他的指尖刚触到铜钱,黑炎突然失控窜出,将整罐腐肉烧成灰烬。
\"魔头发怒了!\"对面茶楼传来尖叫,二楼的窗棂\"噼里啪啦\"合上十七扇。
卖炊饼的老头打翻炭炉,燃烧的煤块滚到林越脚边,在玄铁靴底烙出焦痕。
当林越拖着三个鼓胀的麻袋拐出街口时,朝阳正刺破雾霭。
麻袋表面渗出暗红的水渍,在青石板上拖出蜿蜒的血溪。巷尾的流浪狗夹着尾巴呜咽,却不敢靠近这团移动的血腥。
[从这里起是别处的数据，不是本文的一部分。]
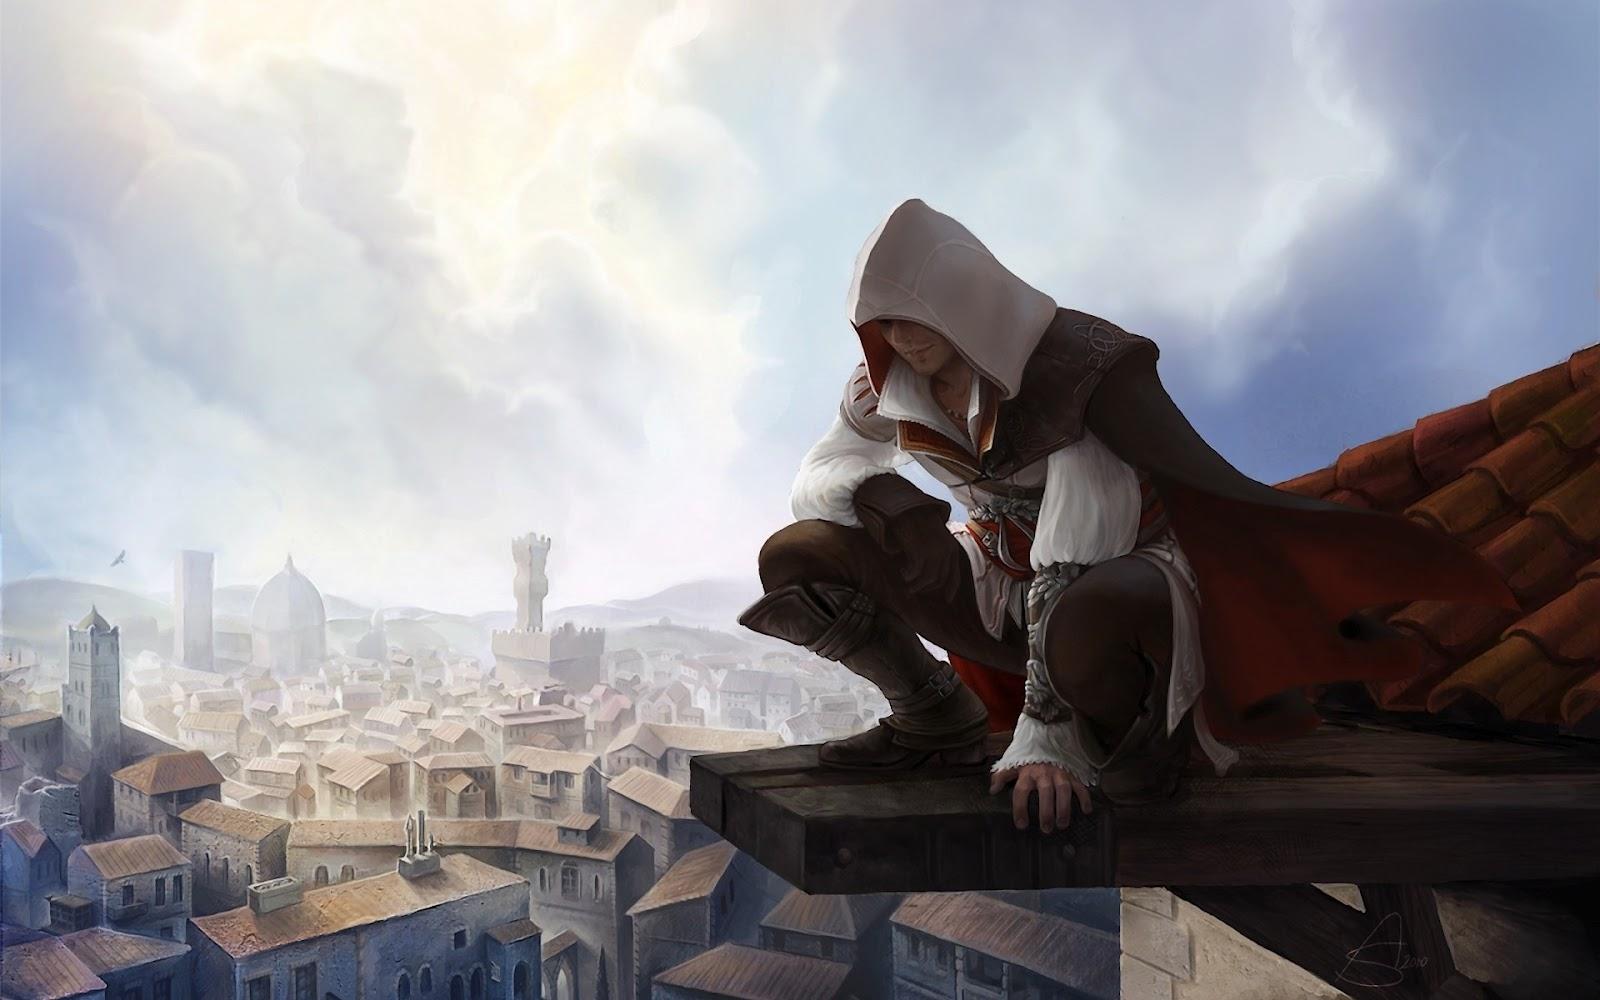 http://3.bp.blogspot.com/-ldQ66_rXo_4/T67VEqnL3iI/AAAAAAAAcuk/pTmKag9wGRA/s1600/Assassin-Creed-II-Ezio.jpg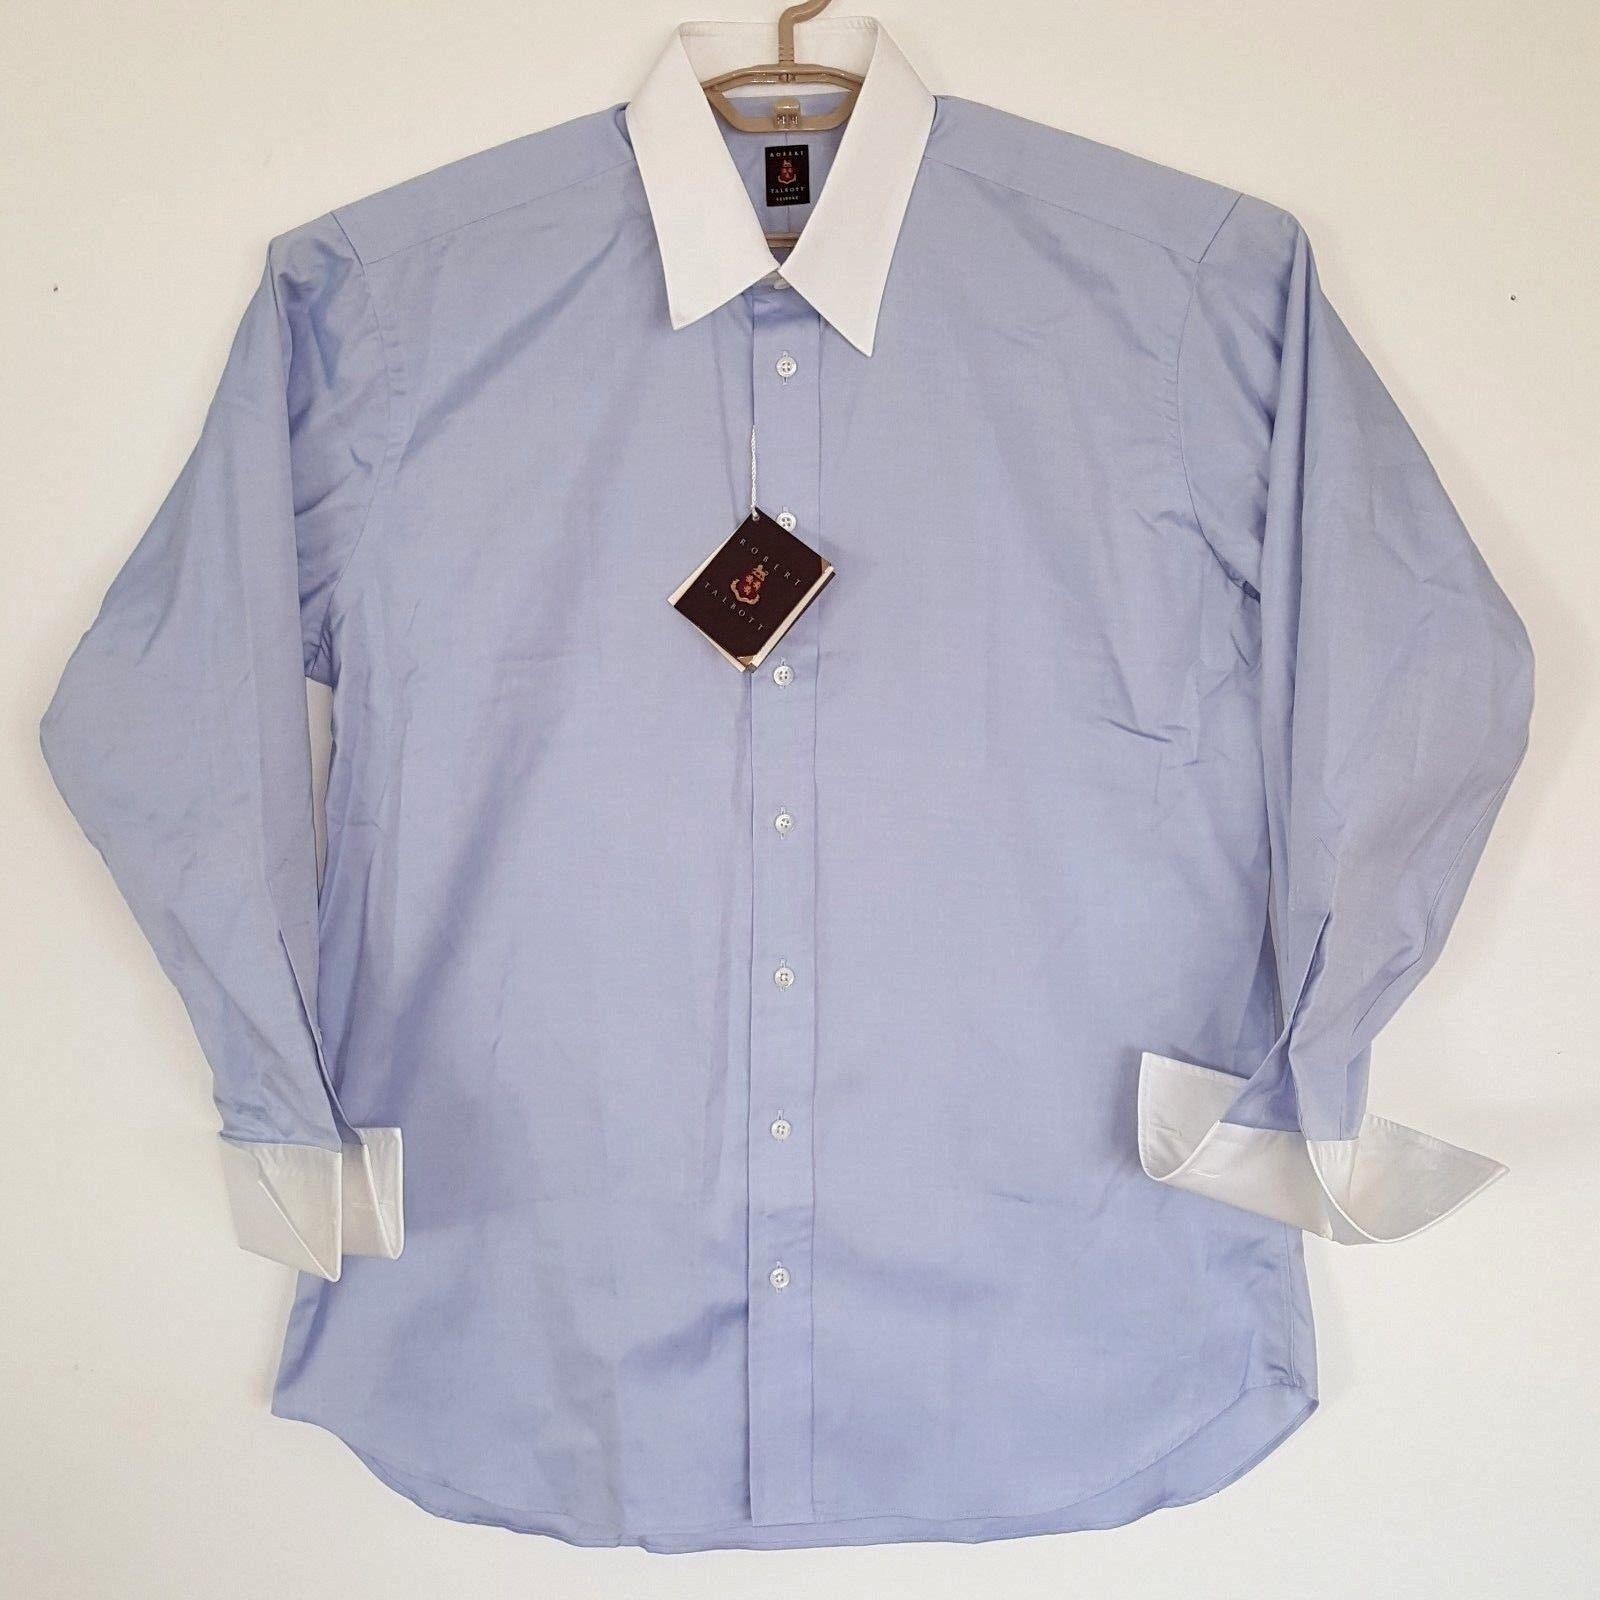 ROBERT TALBOTT Bespoke Sky bluee Cotton Linen Dress Shirt NWT

\"第十七个。\"他在墙角放下麻袋,扯开禁魔锁的暗扣。
弩身上的十七道刻痕正在发烫——今早收的每一颗\"人心\",都在加剧体内罹乱的躁动。黑炎从指缝渗出,将麻袋连同里面的三百颗心脏焚成灰烬。
在跃动的火光里,他看见自己的影子长出獠牙,正对着虚空的仙晶都方向嘶吼。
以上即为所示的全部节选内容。